Traditional agrarian people know this time the corn moon season, the time closest to autumn equinox - September 21st. We have been harvesting corn and roasting it over the open fire. This is the time to gather grains, vegetables, fruit and beans in order to store enough nourishment for the colder months to come.

Try this delicious corn recipe! 

Sweet Potato Corn Cakes

Wash, chop and boil or steam 2 medium sweet potatoes.

Meanwhile, shuck raw corn off of 2-3 cobs by running a sharp pairing knife vertically down each ear of corn. 

Preheat oven to 350 degrees. Grease a cookie sheet with olive oil.

Mash cooked sweet potatoes into a mixing bowl with:

  • shucked corn

  • 2 eggs

  • 1/4 cup olive oil

  • a pinch of salt

  • milk (almond, rice, or cow)

Mix well.

Add and mix well:

  • 1 cup flour (spelt, almond, or rice)

  • 1/4 teaspoon each: salt, cumin, coriander

Place heaping spoon-fuls of dough onto cookie sheet. Flatten each one with the back of the spoon.

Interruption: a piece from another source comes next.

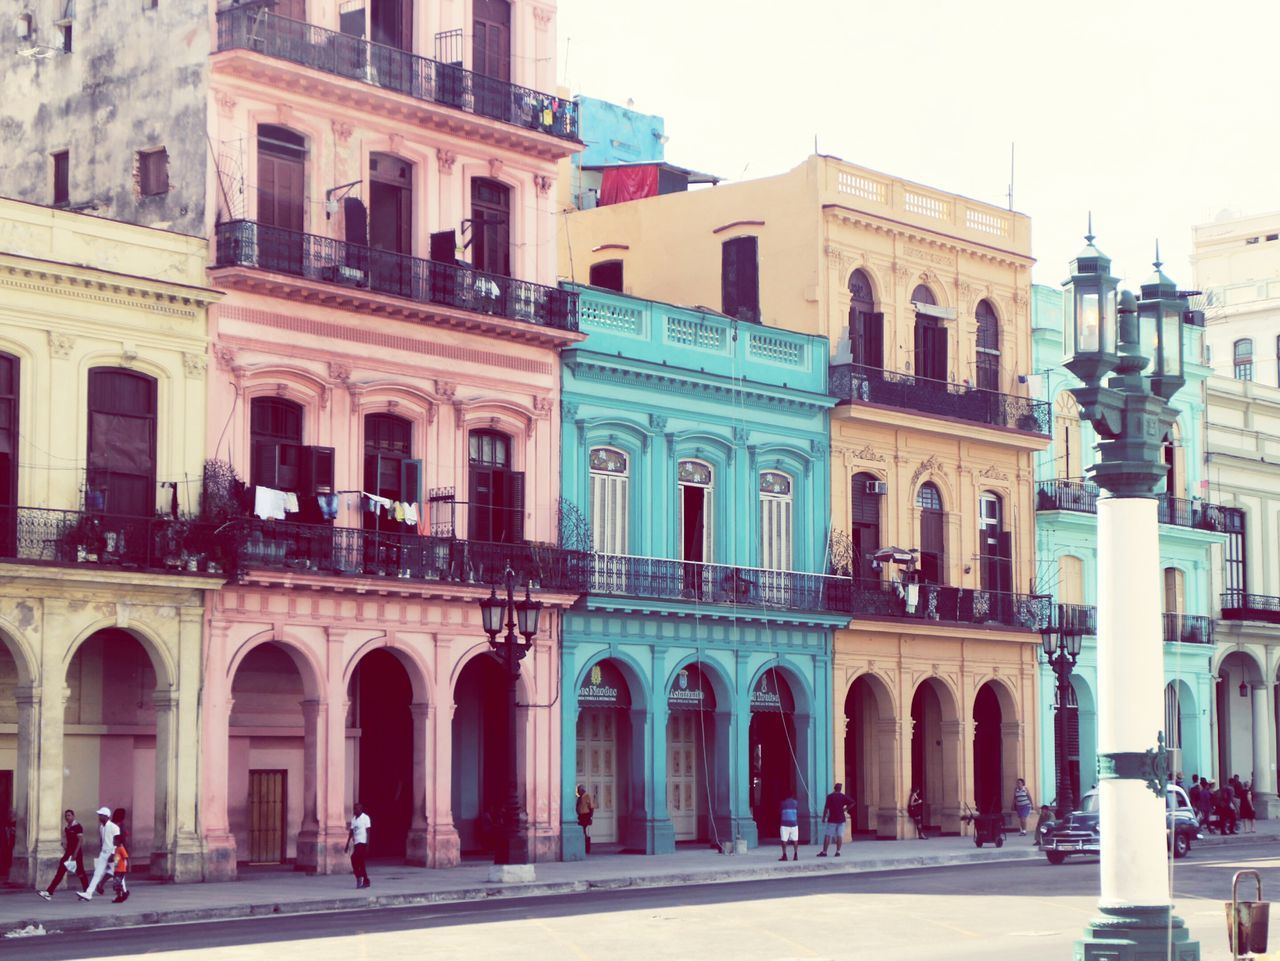 Havana Cuba Travel Photography The Traveler - 2015 EyeEm Awards Streetphotography The Great Outdoors - 2017 EyeEm Awards The Architect - 2017 EyeEm Awards

Bake at 350 degrees for 20 minutes or until golden brown.

Enjoy with beans, roasted chicken, or a late summer salad.

If you would like to grind your own corn (or any may want to purchase a hand-cranked grinder or an electric one. It can be as simple as an espresso bean grinder or more complex. No method is better than the other. Here are some options:

  • www.komomillsandflakers.com (try the Komo Fidibus Classic)

  • www.grainmillshop.com

  • www.lehmans.com (hand-cranked mills and more)

Lacto-Fermented Vegetables 

Gratitude to Sandor Ellix Katz for guidelines from his book, The Art of Fermentation (Chelsea Green, 2012)

Timeframe: 1-4 weeks (or more)

You will need:

  • Ceramic crock or food-grade plastic  bucket, one-gallon capacity

  • Plate that fits inside crock or bucket

  • One-gallon jug filled with water (or a scrubbed and boiled rock)

  • Cloth cover (pillowcase or towel)

  • 5 pounds cabbage or a mixture of other vegetables*

  • 3 tablespoons sea salt

Chop or grate cabbage, finely or coarsely, with or without hearts, however you like it. I love to mix green and red cabbage to end up with bright pink kraut. Place cabbage in a large bowl as you chop it.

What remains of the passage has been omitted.